Now, the real fun one, the assembly core. This may make varying degrees of sense to you, as not only is it assembly, but it's quite hacky assembly. I'll paste the source I used for reference here, and then give a quick rundown of how it actually works.

Code: [Select]
Disp:
ld (spSave),sp
ld c,$20
ld a,$80
out ($10),a
ld sp,(LUT)
ColLoop:
ld de,64*256+%11111110
ld hl,ColLoop
ld a,c
inc c
ld b,7
djnz $
out ($10),a ;152cc into, 153cc loop
cp $2C
ld a,e
ret c
ld sp,(spSave)


;Pixel:
add a,a ;or adc, a a
ret c
out ($11),a ;147cc into, 148cc loop
ld a,e
scf
dec d
ret nz
jp (hl)

Firstly, a lot of time is saved by making the core render right to the LCD, skipping the extra ~60000 cycles of writing to a buffer and then having to read it back out later with delays injected for the slow LCD driver. But the real meat of the speed boost comes from not simply storing a 64-byte bit-exploded sprite, but storing a 576-byte array of 64 9-byte "codelets," each responsible for one pixel/texel of the source sprite (this is the code you see labelled ;Pixel:). Each byte (8 pixels) is initialized with a=%11111110 and the carry flag set, so for each pixel, you can simply perform add a,a to shift the result left by one bit and rotate in a 0 bit, or adc a,a to shift the result left by one bit and rotate in the carry bit, which will always be 1. That is, it will always be 1 until eight of these bits have been shifted in and that 0 in the lowest bit of %11111110 is finally shifted out, which allows for easily determination of when a byte is done by checking the state of the carry flag (1=not done, 0=done).

So each codelet writes its texel in only one instruction with lightning-fast speed, only 4 cycles. The real trick, then, is directing control to these 64 codelets with lightning-fast speed. And just as each codelet handled writing its texel in only one instruction, this is also achieved in only one instruction: ret c. This conditional return, which returns only if the carry flag is set, uses the carry flag effects described above to handle the done/not done determination. But how the hell is a return supposed to help, and when does the 6144-byte texel-mapping LUT get read? The answer is simple: that's what the return does! The texel-mapping LUT was instead blown up to 12288 bytes, giving each pixel 2 bytes, just like a stack entry. And instead of simply storing one of 64 texel indices, each entry stores a pointer to one of the 64 codelets. So to start rendering a frame, the stack pointer is pointed to the start of the LUT and a simple return will take you to the codelet to produce the next pixel!
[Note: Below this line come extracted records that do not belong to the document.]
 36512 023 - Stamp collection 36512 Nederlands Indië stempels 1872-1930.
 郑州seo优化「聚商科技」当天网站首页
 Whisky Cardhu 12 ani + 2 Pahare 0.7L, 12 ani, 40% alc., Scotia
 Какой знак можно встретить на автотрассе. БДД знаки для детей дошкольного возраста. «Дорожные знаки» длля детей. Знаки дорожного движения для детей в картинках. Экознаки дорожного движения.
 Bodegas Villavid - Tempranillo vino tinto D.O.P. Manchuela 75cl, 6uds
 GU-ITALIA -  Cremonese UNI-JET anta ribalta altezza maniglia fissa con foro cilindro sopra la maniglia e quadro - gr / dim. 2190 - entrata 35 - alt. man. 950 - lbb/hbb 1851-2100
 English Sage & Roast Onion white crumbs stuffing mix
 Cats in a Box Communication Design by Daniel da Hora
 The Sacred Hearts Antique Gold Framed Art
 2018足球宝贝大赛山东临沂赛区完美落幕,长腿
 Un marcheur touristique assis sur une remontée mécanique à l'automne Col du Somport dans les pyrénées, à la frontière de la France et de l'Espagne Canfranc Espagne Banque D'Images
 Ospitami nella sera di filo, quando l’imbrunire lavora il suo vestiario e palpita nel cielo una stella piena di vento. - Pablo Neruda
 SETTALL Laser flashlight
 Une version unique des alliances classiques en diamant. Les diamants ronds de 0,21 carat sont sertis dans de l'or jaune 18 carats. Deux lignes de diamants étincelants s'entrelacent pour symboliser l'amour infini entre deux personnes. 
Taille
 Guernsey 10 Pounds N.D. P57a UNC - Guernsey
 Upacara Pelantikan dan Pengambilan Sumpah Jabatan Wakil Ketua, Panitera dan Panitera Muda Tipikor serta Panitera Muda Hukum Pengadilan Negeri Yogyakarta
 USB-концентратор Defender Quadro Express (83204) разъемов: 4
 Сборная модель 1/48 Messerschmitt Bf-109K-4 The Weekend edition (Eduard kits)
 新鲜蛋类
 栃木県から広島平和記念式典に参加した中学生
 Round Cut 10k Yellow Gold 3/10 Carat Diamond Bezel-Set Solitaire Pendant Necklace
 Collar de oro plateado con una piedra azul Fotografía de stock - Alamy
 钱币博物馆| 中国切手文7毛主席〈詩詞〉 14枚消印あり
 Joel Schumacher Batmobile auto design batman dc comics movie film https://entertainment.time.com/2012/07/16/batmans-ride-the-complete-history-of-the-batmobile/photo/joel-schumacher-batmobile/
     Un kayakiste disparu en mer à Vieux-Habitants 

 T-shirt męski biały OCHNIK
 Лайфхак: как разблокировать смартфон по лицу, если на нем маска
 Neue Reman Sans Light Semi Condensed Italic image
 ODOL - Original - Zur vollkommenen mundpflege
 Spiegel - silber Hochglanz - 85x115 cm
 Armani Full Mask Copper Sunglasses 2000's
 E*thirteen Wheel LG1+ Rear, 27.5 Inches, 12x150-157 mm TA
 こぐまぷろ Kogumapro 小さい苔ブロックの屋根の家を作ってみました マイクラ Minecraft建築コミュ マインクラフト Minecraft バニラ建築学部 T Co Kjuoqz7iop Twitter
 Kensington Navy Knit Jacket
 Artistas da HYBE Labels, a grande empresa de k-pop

For a time analysis, the extremely tight loop of ad(d/c) a,a \ ret c to produce each bit gives a stupidly low 15 cycles per bit. Multiplying this by 8 for eight bits in a byte, and adding the overhead of handling each full byte, each byte takes a mere 148 cycles to render; about 5 times faster than my fastest Axe version. Taking into account the fact that the Axe version still needs to perform a LCD update and the different formats of the data that needs to be rotated each frame, the assembly version ultimately comes out to about 6x faster than the Axe version, and with only 46 bytes worth of unique assembly instructions executed.



Final notes:

While writing this post, I realized the mistake I made with the pure Axe version (I allocated enough space in the high memory region for the sprite data, but not for the stack space that the rest of my program actually needs). I believe I have now fixed it and the Axe version should be stable, so I have updated that file in my original post.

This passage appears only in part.